Published online by Cambridge University Press: 26 February 2011
Stacking multiple device strata can improve system performance of a microprocessor (μP) by reducing interconnect length. This enables latency improvement, power reduction, and improved memory bandwidth. In this paper we review some of our recent design analysis and process results which quantitatively show the benefits of stacking applied to μPs.
We report on two applications for stacking which take advantage of reduced wire length- “logic+logic” stacking and “logic+memory” stacking. In addition to optimizing minimum wire length, we considered carefully the thermal ramifications of the new designs. For the logic+memory application, we considered the case of reducing off-die wiring by stacking a DRAM cache (32 to 64MB) onto a high performance μP. Simulations showed 3x reduced off-die bandwidth, Cycles Per Memory Access (CPMA) reduction of 13%, and a 66% average bus power reduction. For logic+logic applications, we considered a high performance μP where the unit blocks were repartitioned into two strata. For this case, simulations showed that stacking can simultaneously reduce power by 15% while increasing performance by 15% with a minor 14° C increase in peak temperature compared to the planar design. Using voltage scaling, this translates to 34% power reduction and 8% performance improvement with no temperature increase. We found that these results can be further improved by a secondary splitting of the individual blocks. As an example, we split a 32KB first level data cache resulting in 25% power reduction, 10% latency reduction, and 20% area reduction.
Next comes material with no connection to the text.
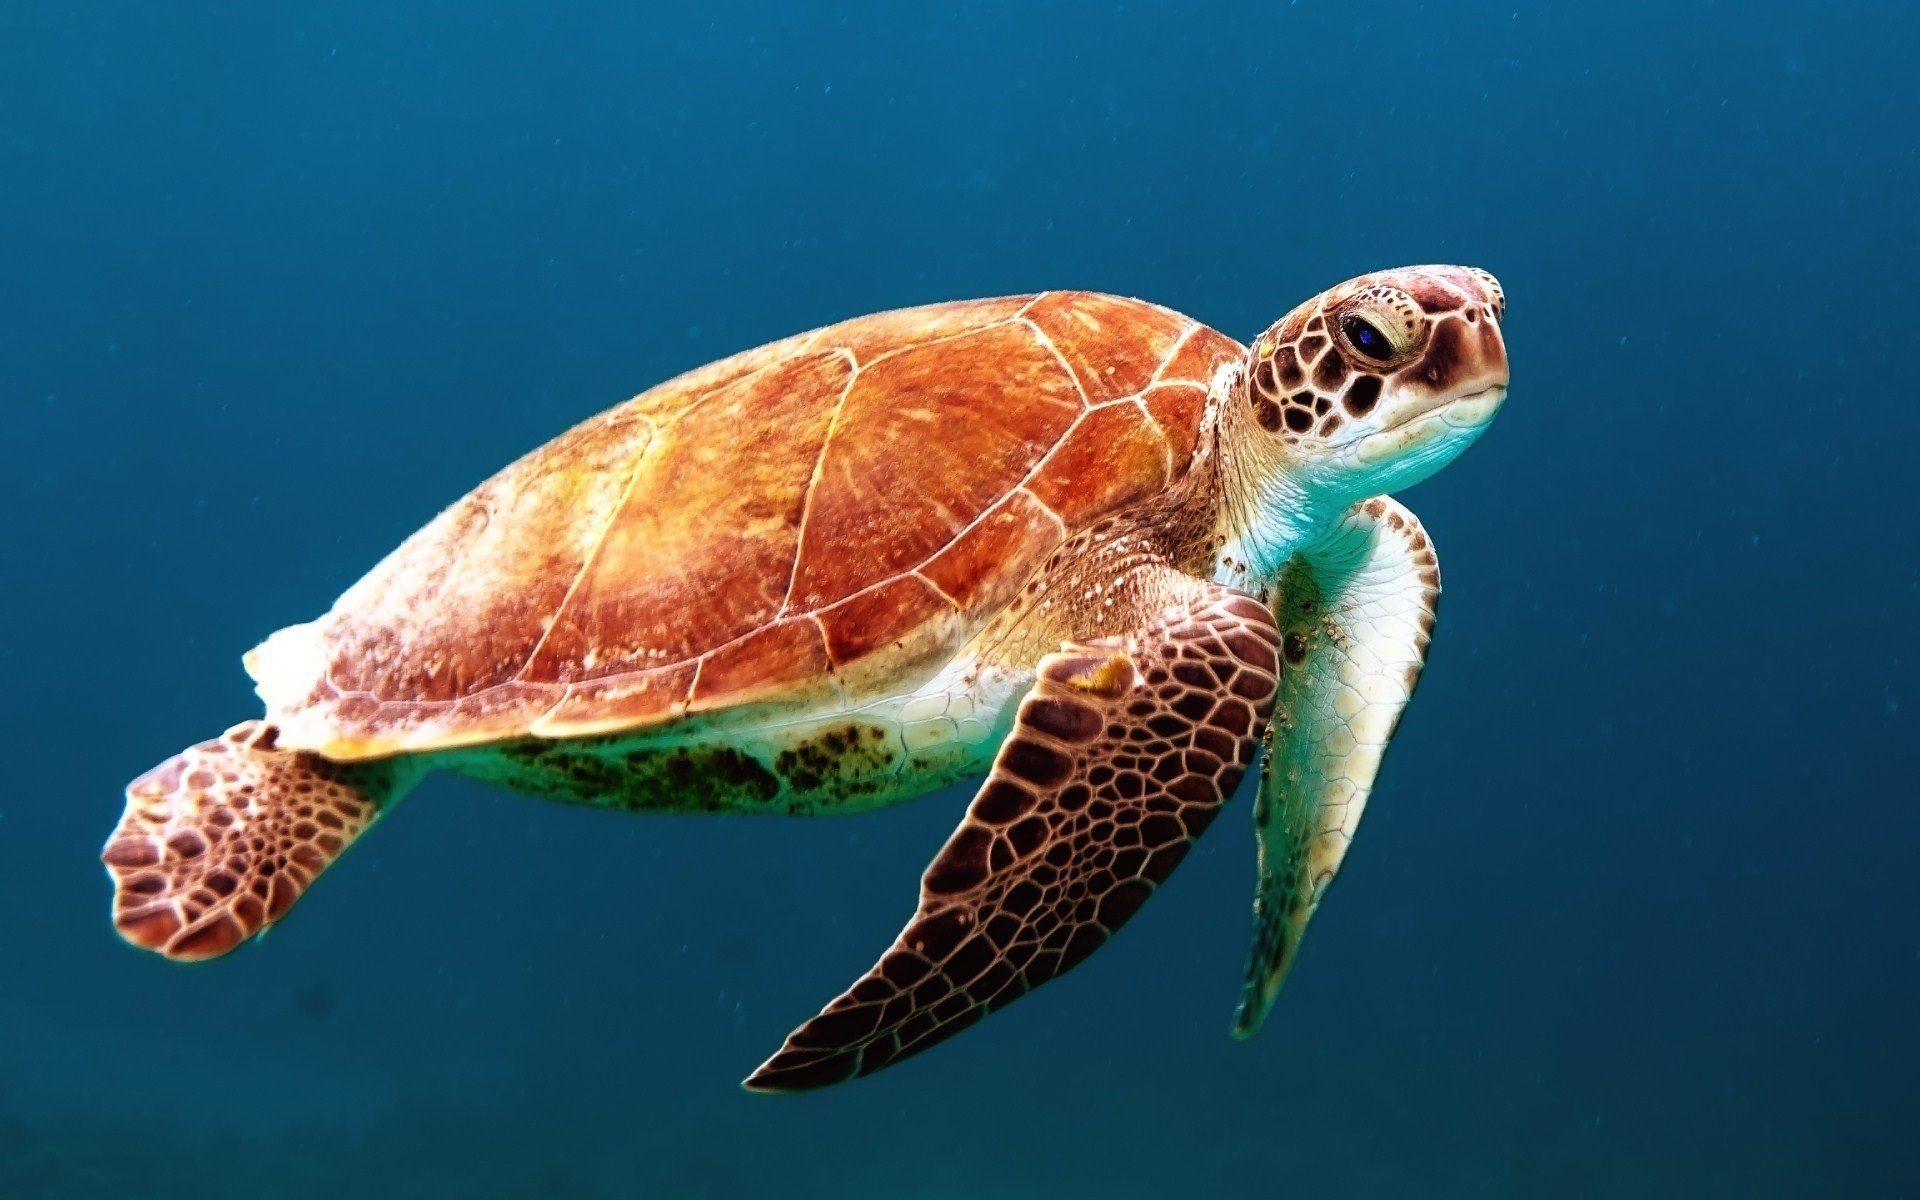 Черепаха, Марина, Океан, Подводный, красочные - Обои HD - Профессор falken.com

We also discuss the fabrication of stacked structures with two complimentary process flows. In one case, we developed a 300mm wafer stacking process using Cu-Cu bonding, wafer thinning, and through-silicon vias (TSVs). This technology provides reliable bonding with non-detectable bonding-interface resistance and inter-strata via pitch below 8μm. We investigated the impact of this wafer stacking process to the transistor and interconnect layers built using a 65nm strained-Si/Cu-Low-K process technology and found no impact to either discrete N- and P-MOS devices or to thin 4Mb SRAMs. We verified fully functional SRAMs on thinned wafers with thicknesses down to 5μm. Although wafer stacking leads itself well to tight-pitch same-die-size stacking, die stacking enables integration of different size dies and includes opportunity to improve yield by stacking known good dies. We demonstrated a die stack process flow with 75μm thinned die, TSV, and inter-strata via pitch below 100μm. We also found negligible impact to transistors using this process flow. Multiple stacks of up to seven 75μm thin dies with TSVs were fabricated and tested. Prospects for high volume integration of 3D into μPs are discussed.